Leaving all pictures out, output exactly and only the line containing "A Pair of Vtg" and the lines that follow it to the end of the material below.

------ RECORDED DATA

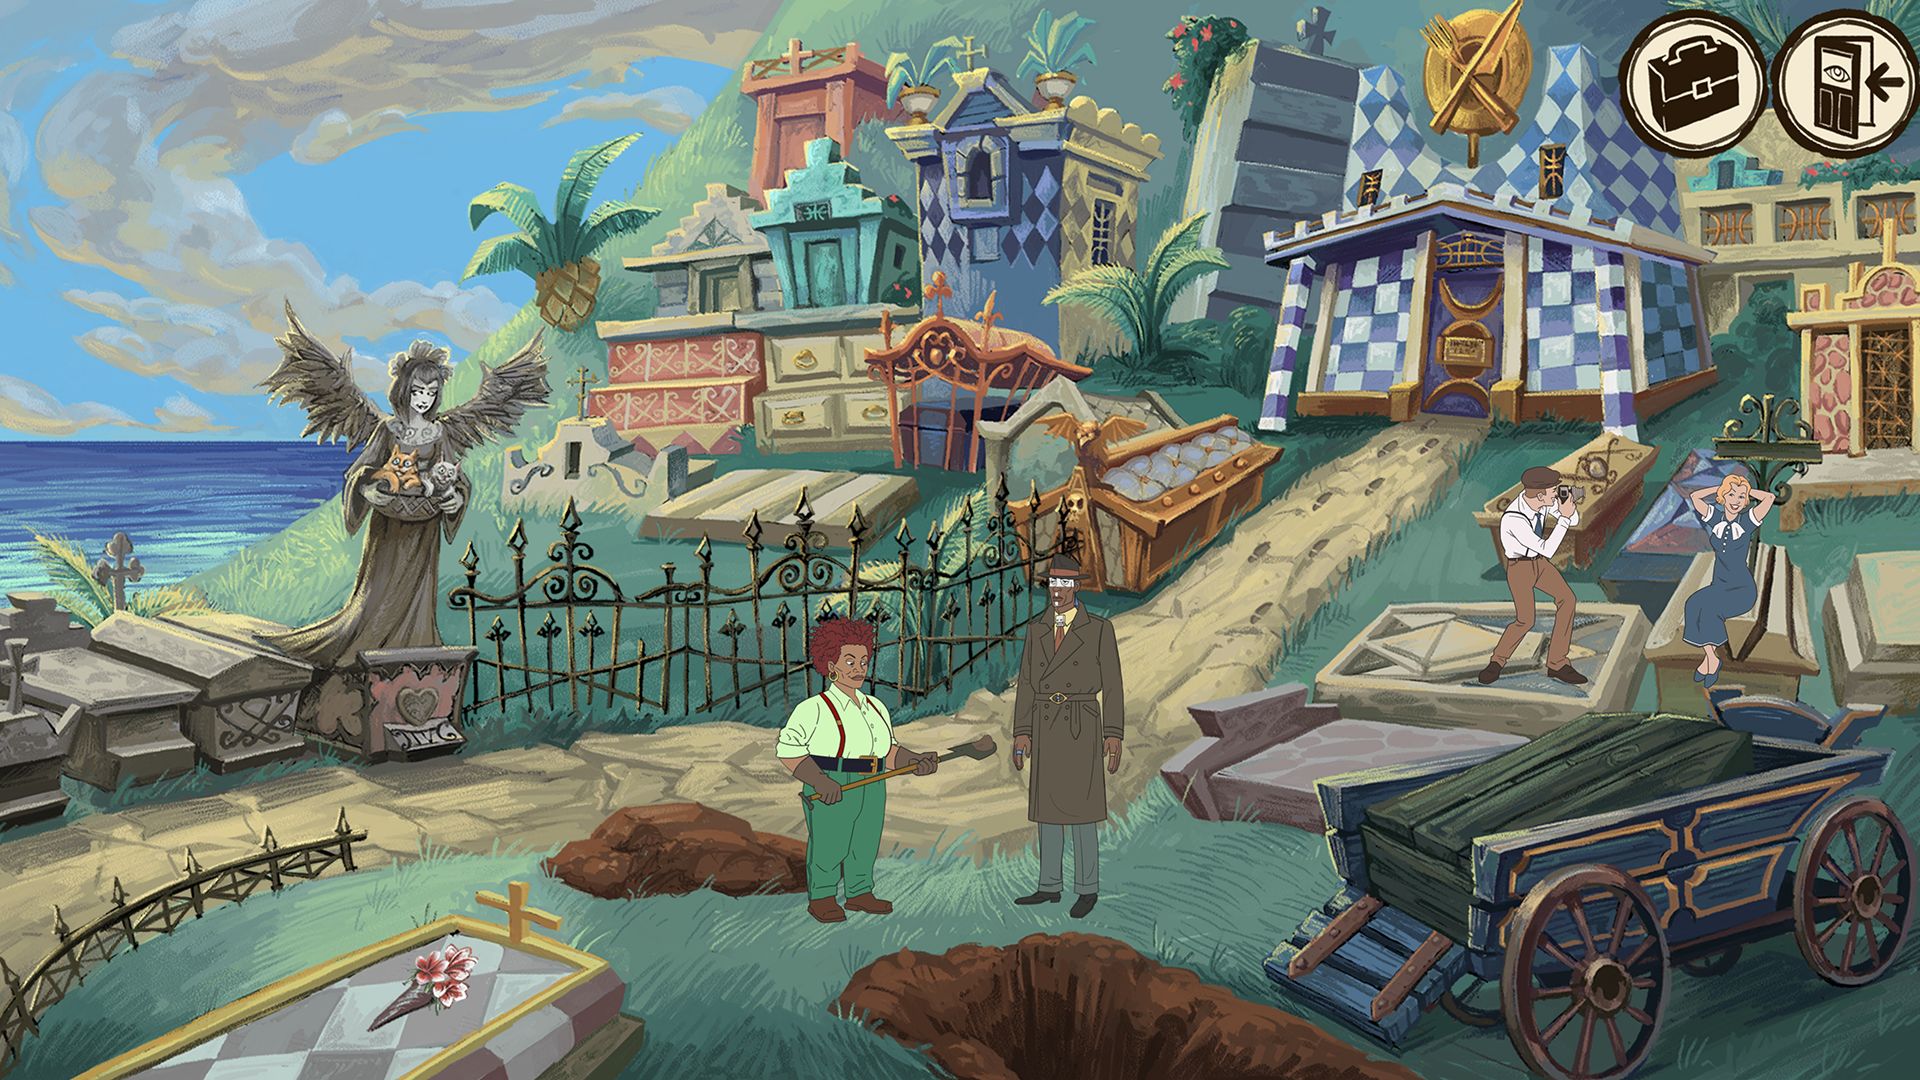 Voodoo Detective - Android game screenshots.
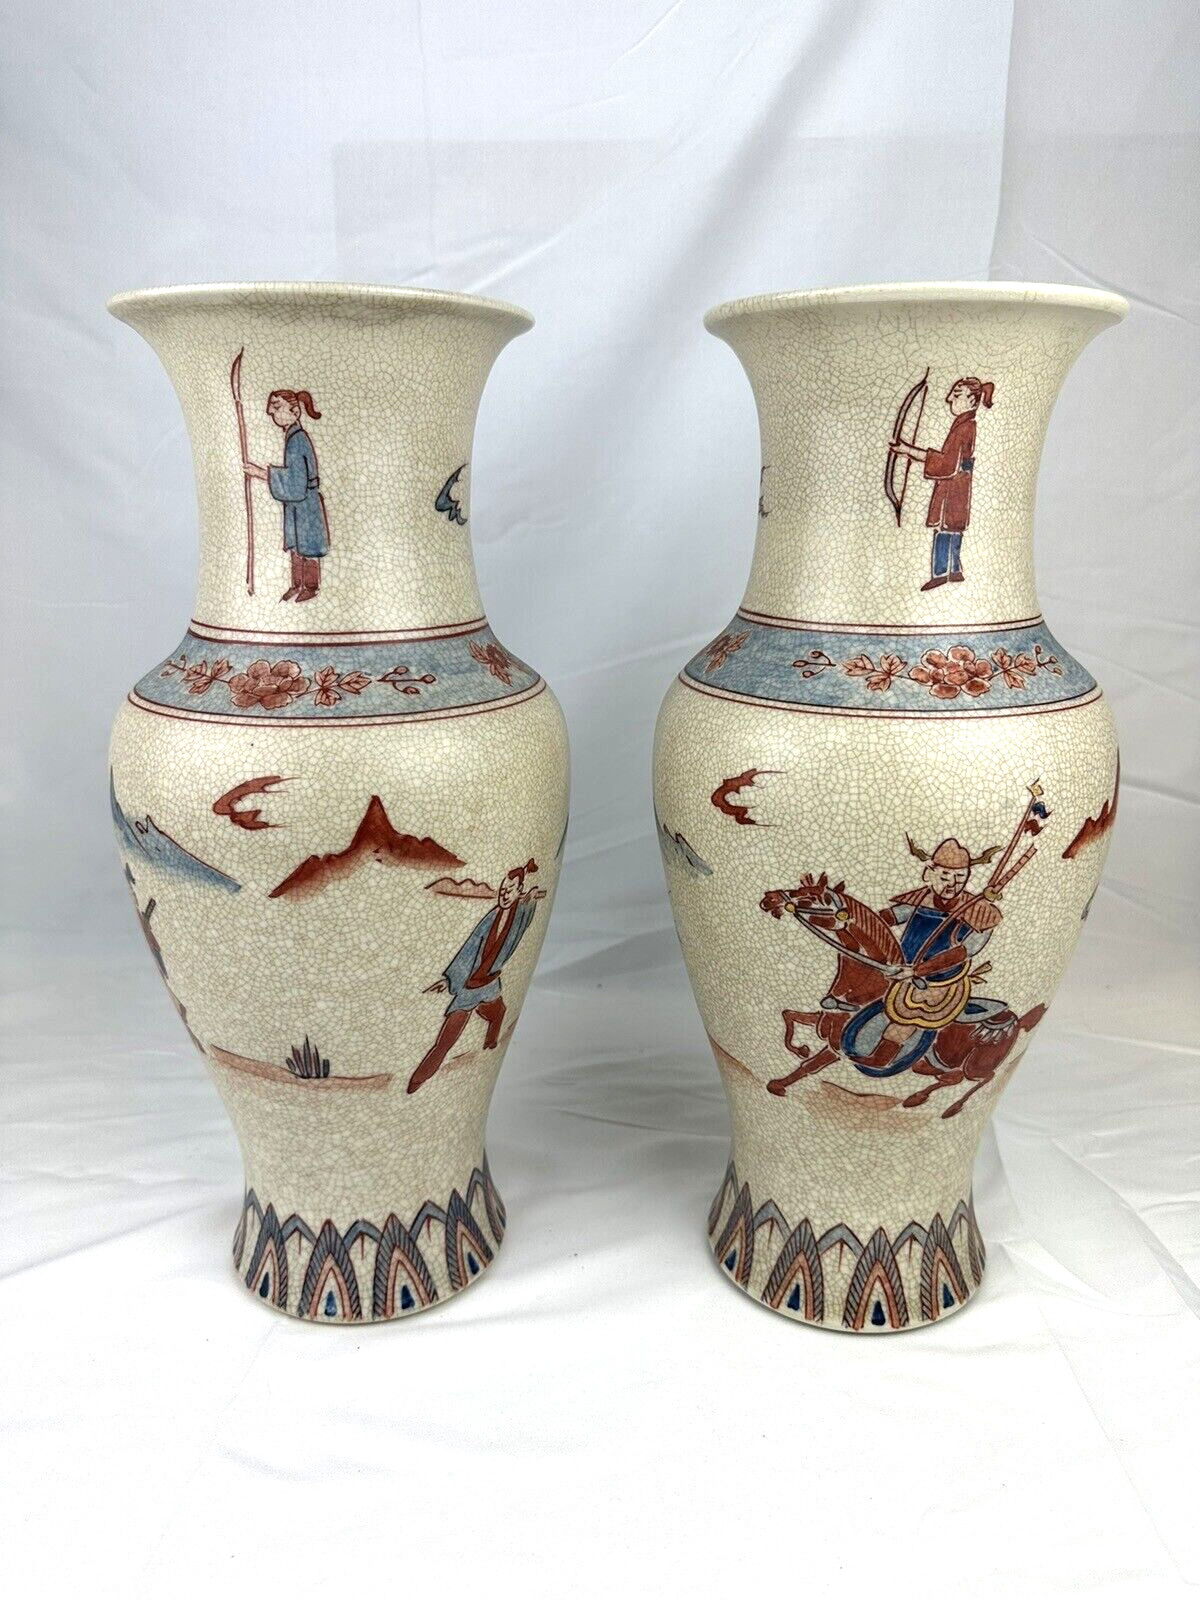 A Pair of Vtg Asian Decorative Vases Riding Warriors Crackled Glaze Home Decor
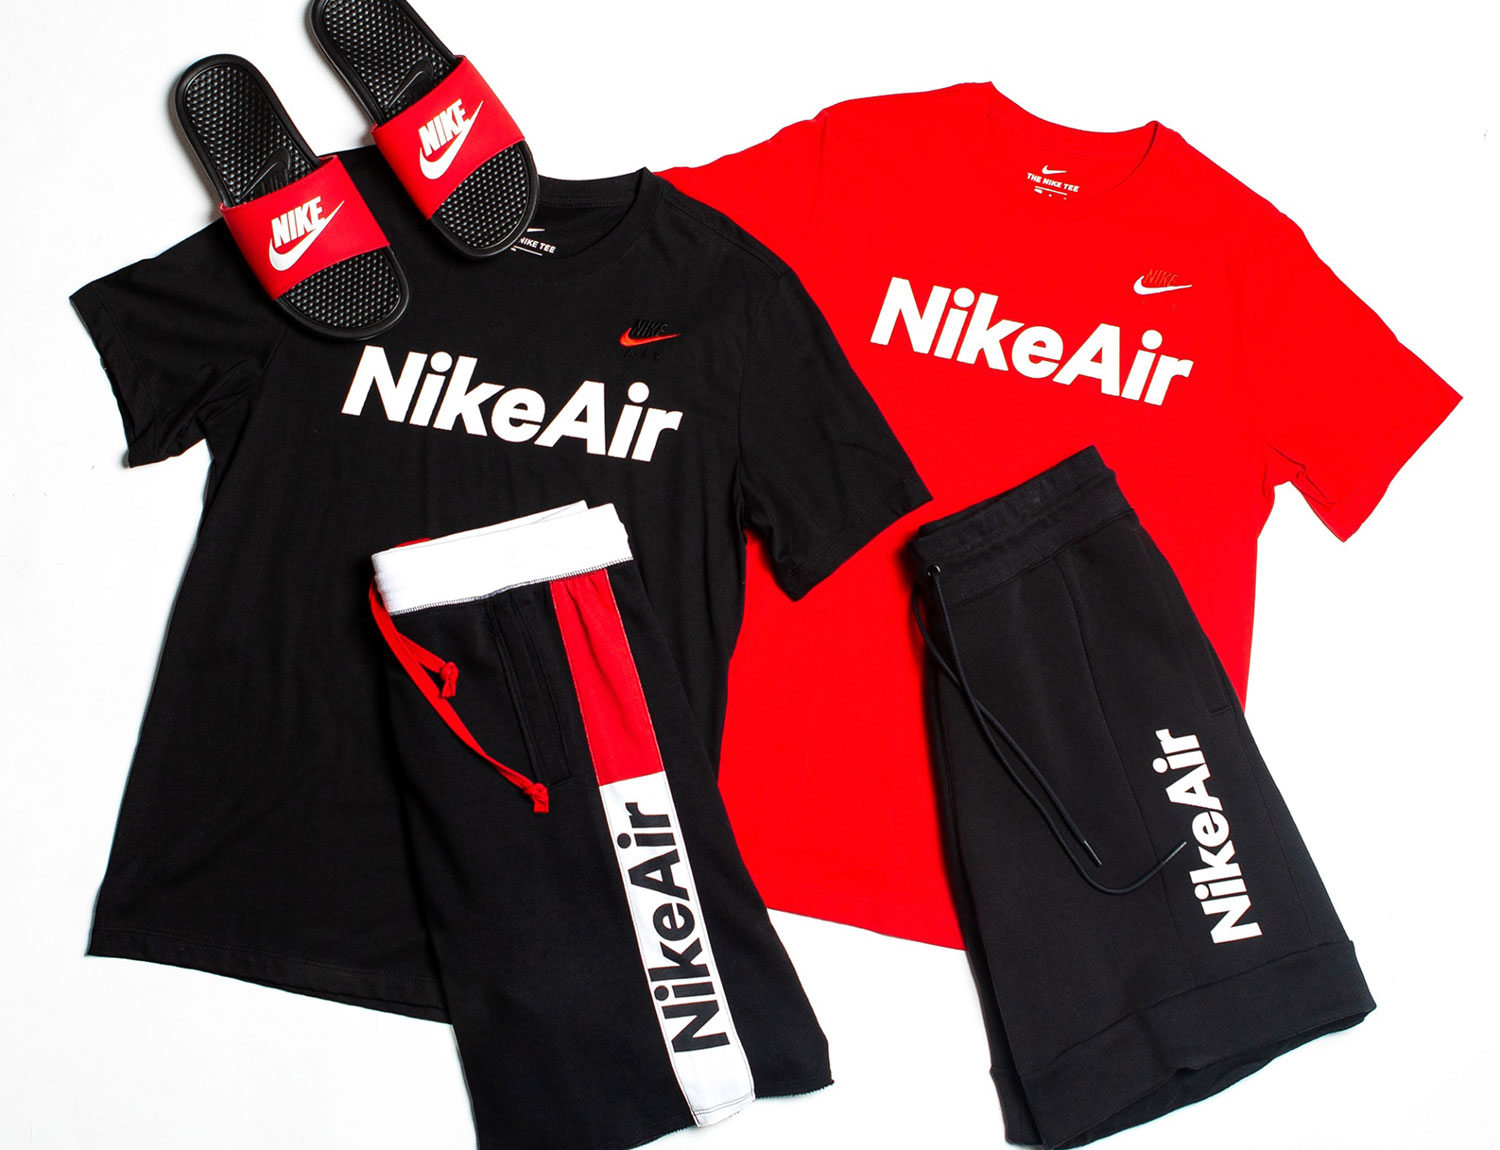 nike-air-black-red-white-apparel

------------

» **OUTPUT FOR THIS EXERCISE**:
 A Pair of Vtg Asian Decorative Vases Riding Warriors Crackled Glaze Home Decor
 nike-air-black-red-white-apparel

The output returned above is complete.